Europeans like to laugh at Americans and how stupid they were to elect Donald Trump. Some of that is well-deserved.

But we Americans are not alone in our susceptibility to the siren call of fascism — excuse me, “semi-fascism” — and right-wing candidates. After all, the Italians appear set to choose Giorgia Meloni who thinks Mussolini was not all that bad:

Meloni’s critics say the world should wake up to just how extreme her views really are, warning of a return to the dark days of 1930s fascism. Media coverage pointing out that Italy’s new government should be sworn in around the time of the 100th anniversary of Mussolini’s March on Rome has reinforced the point.

For senior Democrat Laura Boldrini, a critic and political rival of the Brothers, Meloni “represents the far right in Italy which has not had a reckoning with its past.”

Boldrini said: “Brothers of Italy is infiltrated by declared fascist elements.” The party “clearly wants a closed society that looks to the past while Italy needs to look to the future.
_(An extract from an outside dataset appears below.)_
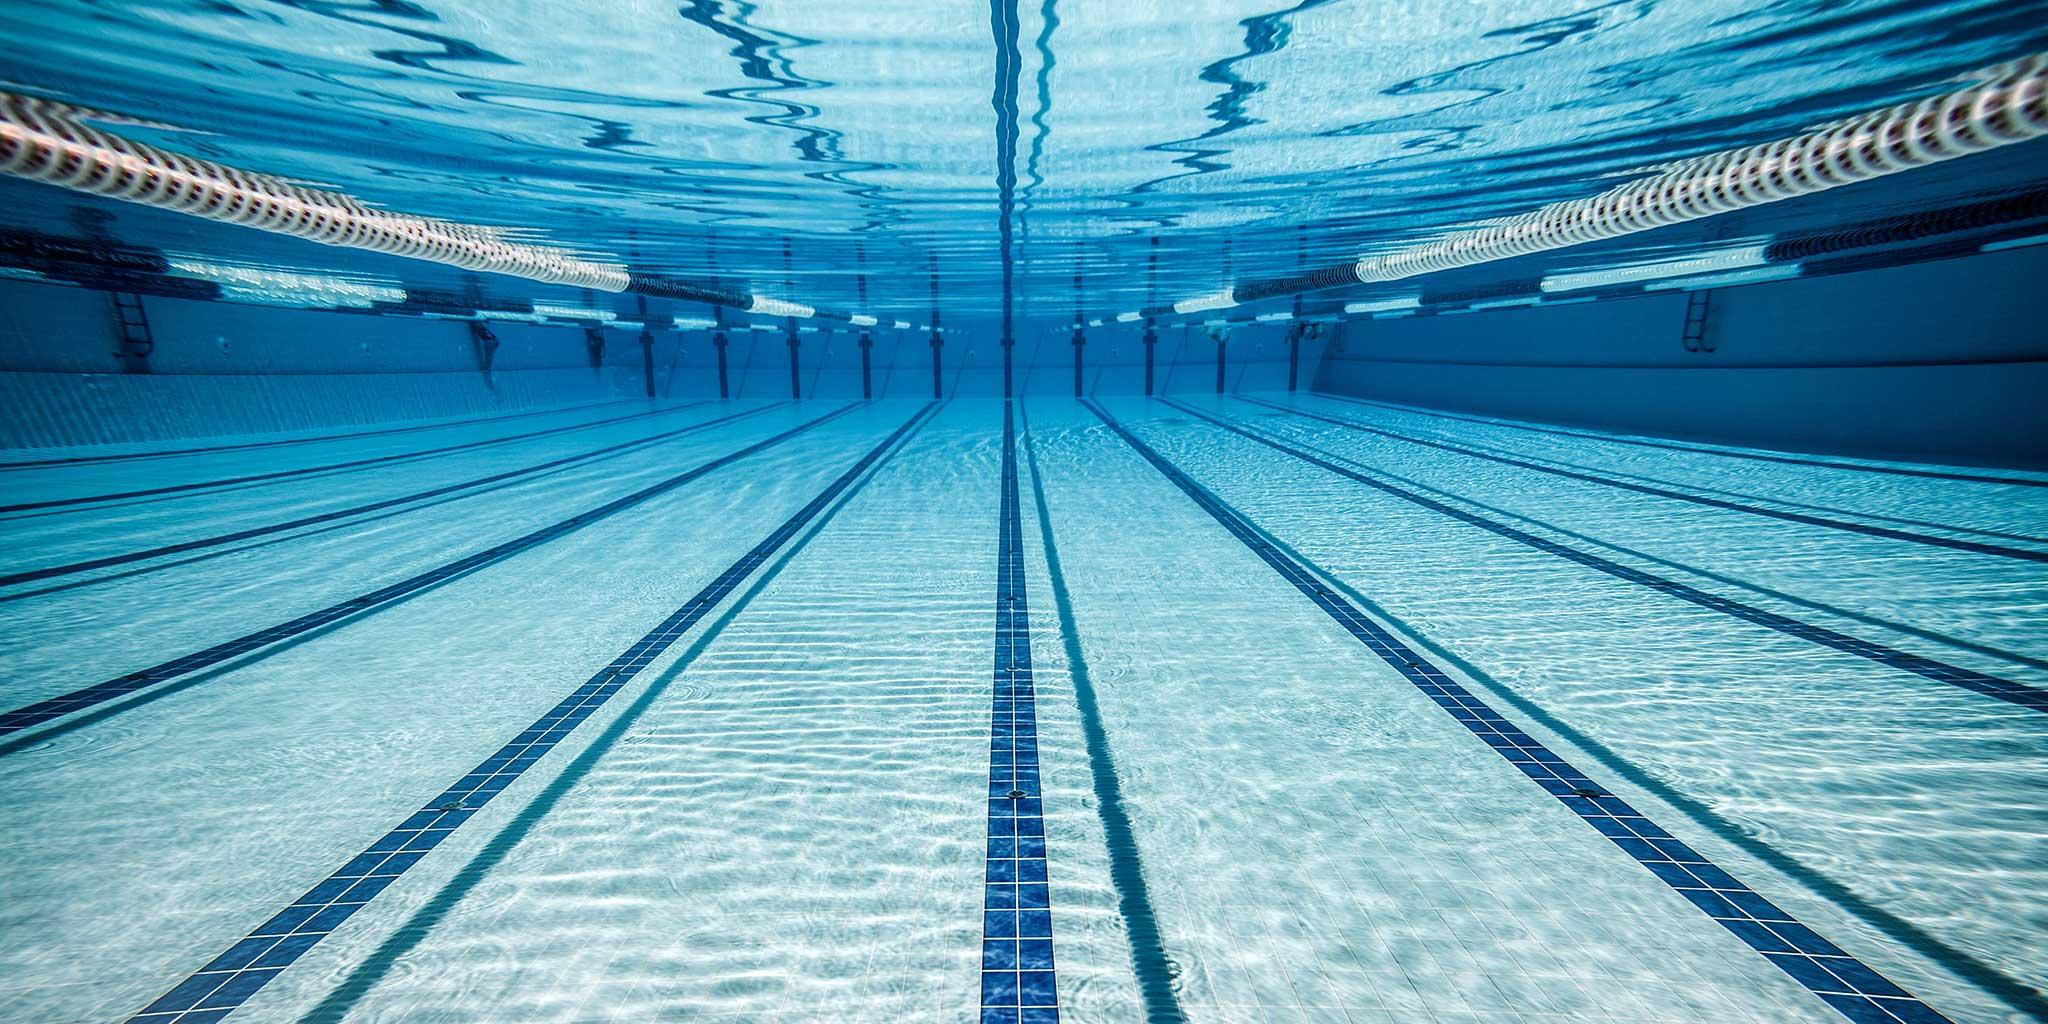 Mantenimiento anual de piscinas cerradas en entorno privado
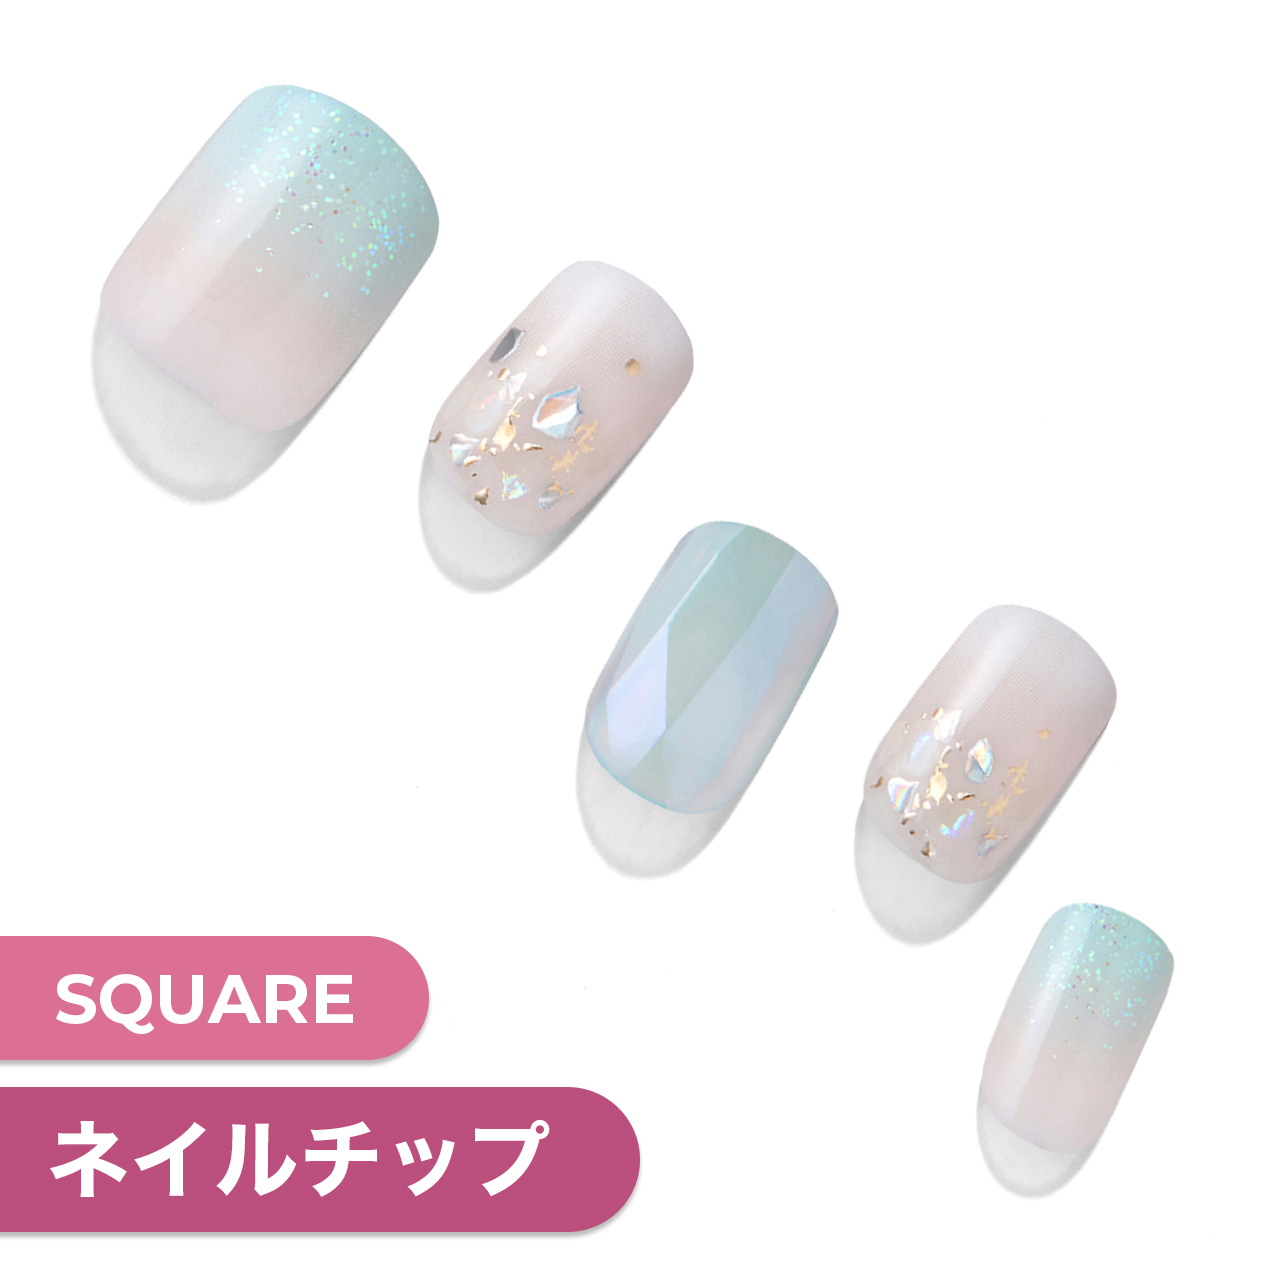 ダッシングディバマジックプレス【MJP110】Fairy Dust

Medieval times are over.”

And now the Brits are saddled with, inexplicably, a prime minster who may be even worse than Boris Johnson, as writer James Ball recounts in his article titled, “39 good reasons Liz Truss will be a terrible Prime Minister.”

The threat of right-wing extremism never goes away, almost anywhere in the world. Even in places that liberal Americans think are more civilized than America.

This is especially true when economic times are tough and people are susceptible to the easy answers of the demagogue and the scapegoating of whomever the political Right paints as being the enemy.

Vigilance and voting are the only answers to it, as tiring as the vigilance part can be.

It’s been like extremist whack-a-mole my entire life. You bat them down in one place and one election and they just pop up in another place and another election. Sometimes it’s the same people. Sometimes it’s new people encouraged by the people you thought you’d defeated.

They never go away. I think steeling myself to that reality has helped me to not give in to despair.

You do what you do, you stay informed and vote where you can, because you’re trying to keep them from completely taking over. Which they will do if the rest of us are not out there opposing them.

Semi-fascist Giorgia Meloni, probably the next Italian prime minister.